Extended Data Figure 9. Conditional deletion of Ankrd16 accelerates formation of protein aggregates in B6.Aars^sti/sti mice.

a, Ubiquitin (red), p62 (green), and Calbindin D-28 (blue) immunofluorescence on sagittal cerebellar sections. The percentage of aggregate-positive Purkinje cells and Purkinje cells are shown (mean ± SD, n = 3, Multiple t-tests (Holm-Sidak method), *** p = 0.0002466 (Purkinje cells with aggregates, P21), p = 0.0002336 (Purkinje cells with aggregates, P28), p = 0.0003214 (percent of Purkinje cells, P21), **** p = 7.701787×10⁻⁵ (percent of Purkinje cells, P28)). Note, the percent of Purkinje cells is relative to control C57BL/6J mice. b, Cell type-specific markers (red), and p62 (green) immunofluorescence on sagittal cerebellar sections. Parvalbumin (Parv) was utilized to identify Purkinje cells and interneurons (stellate and basket cells) in the ML. NeuN was utilized to distinguish between granule and Golgi cells in the GL. (En1-Cre; Ankrd16^fl/−; Aars^sti/sti: Golgi cell [closed arrow head, p62⁺/NeuN⁻]; granule cell [arrow, p62⁺/NeuN⁺]; basket/stellate cell [open arrow head, p62⁺/Parv⁺]). c, Ubiquitin (red) and p62 (green) immunofluorescence on sagittal sections of the cortex (layer IV). Scale bars: 10 µm (a), 50 µm (b and c, low magnification) and 10 µm (b and c, higher magnification). Abbreviations: postnatal day (P), molecular layer (ML), Purkinje cell layer (PL), granule cell layer (GL).

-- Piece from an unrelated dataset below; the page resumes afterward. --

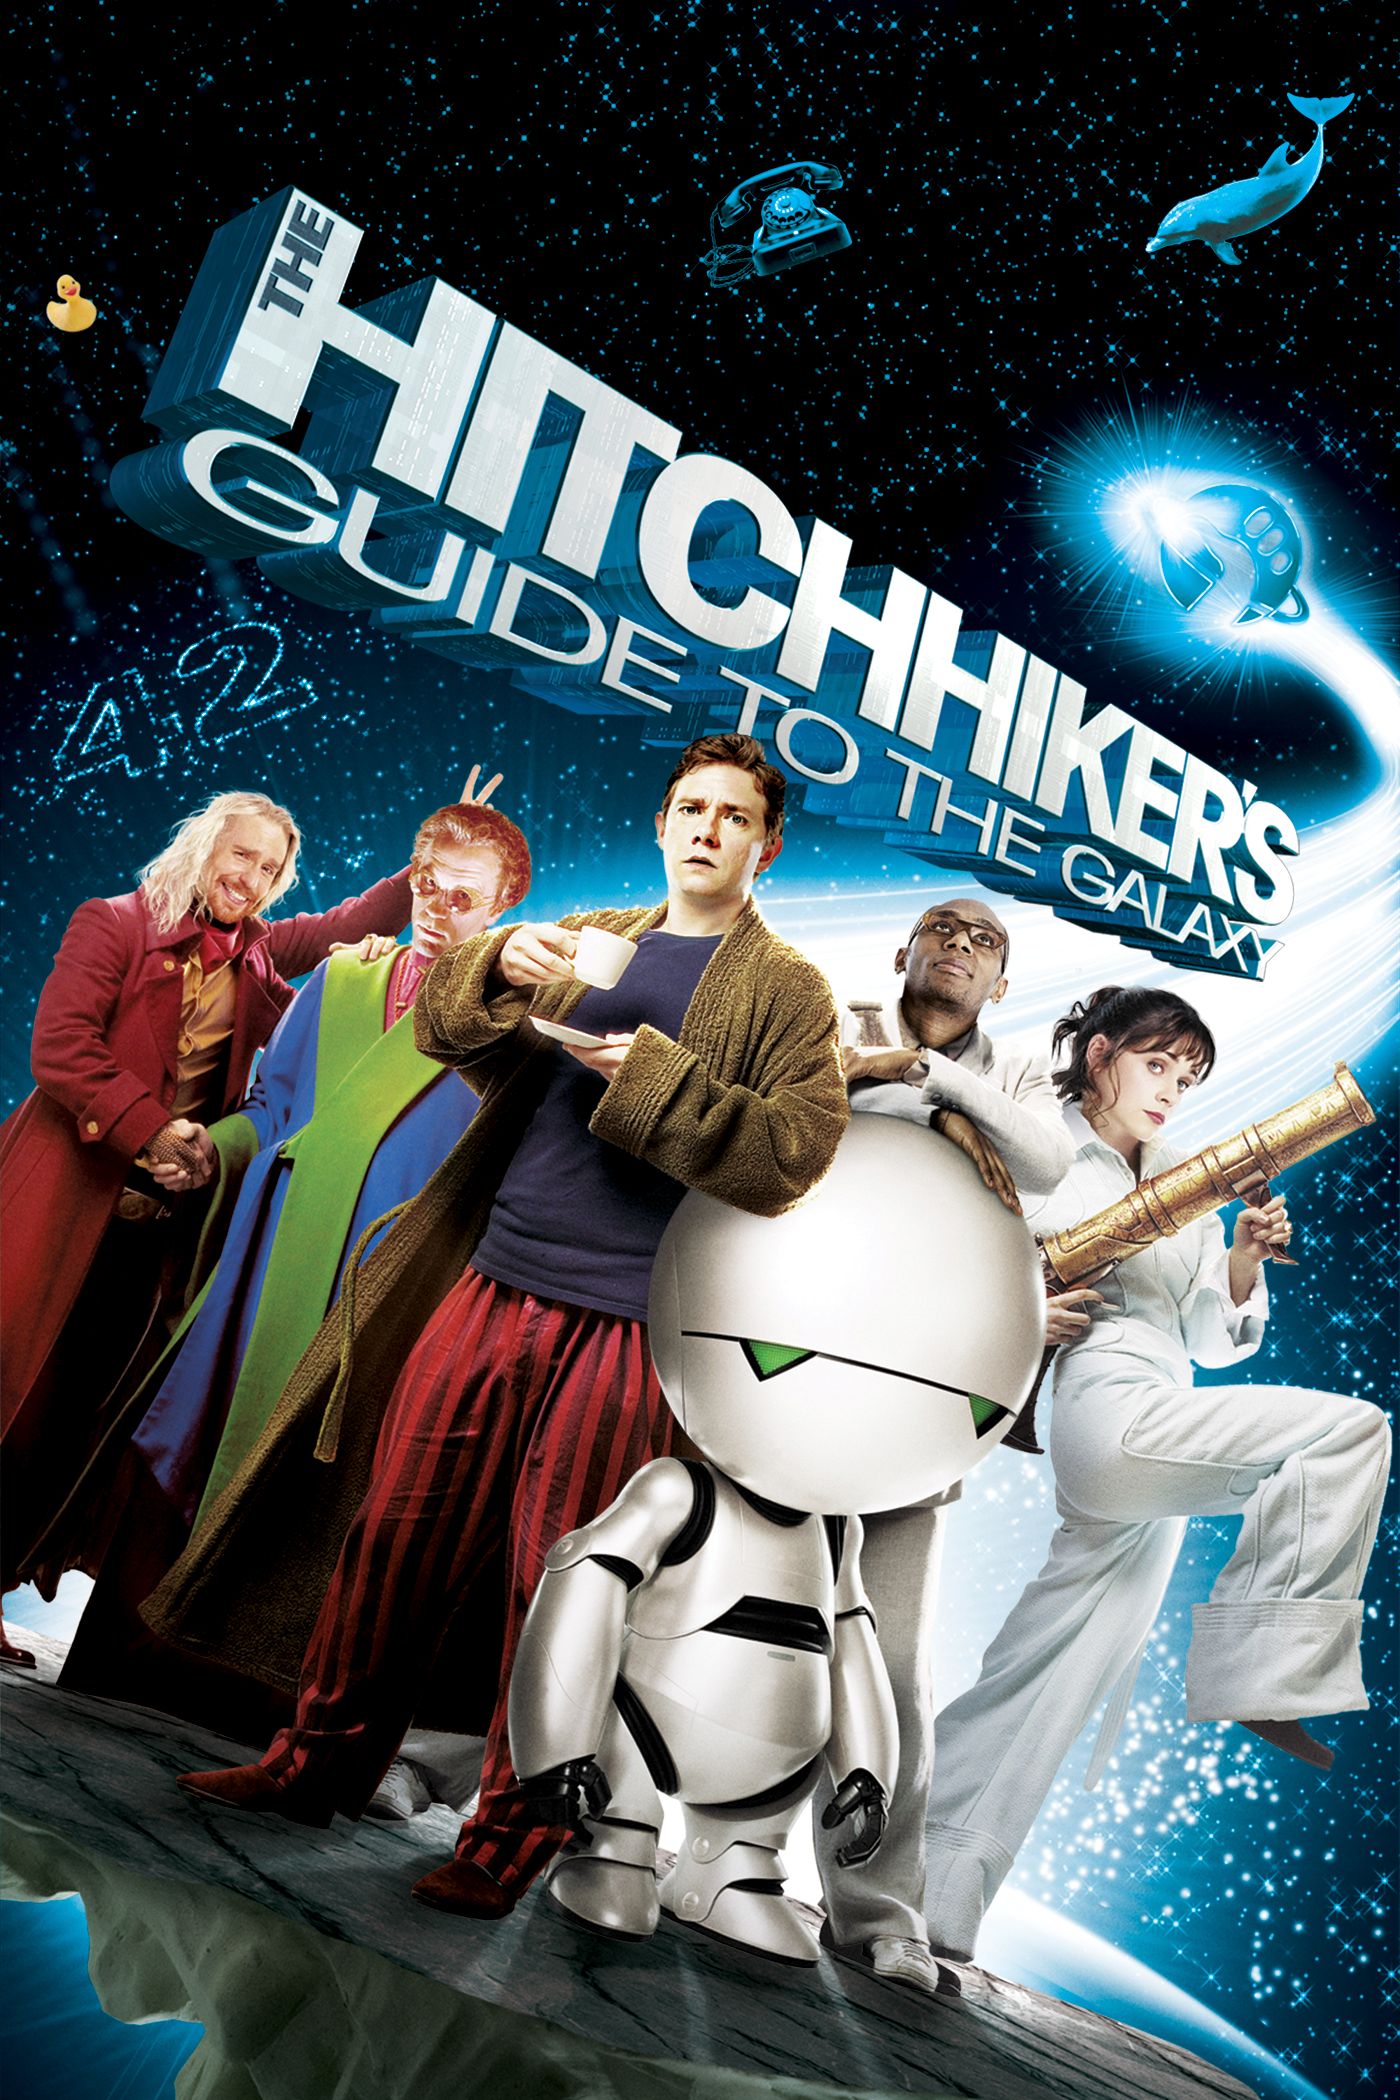 We did it!, The Hitchhiker's Guide to the Galaxy

Extended Data Figure 10. Model for the role of ANKRD16 in translational fidelity.

a, A point mutation in the editing domain of AlaRS (A734E) results in editing defects, as indicated by deficits in tRNA-independent ATPase activity, which in turn leads to increased levels of incorrectly aminoacylated Ser-tRNA^Ala, misincorporation of serine during translation, protein aggregation, and cell death. b, Interaction of ANKRD16 with the aminoacylation domain of editing-deficient AlaRS^A734E stimulates tRNA-independent editing and misactivated serines are transferred onto ANKRD16. Mitigation of serine misactivation prevents sti-mediated mistranslation, and thereby prevents protein aggregation and cell death.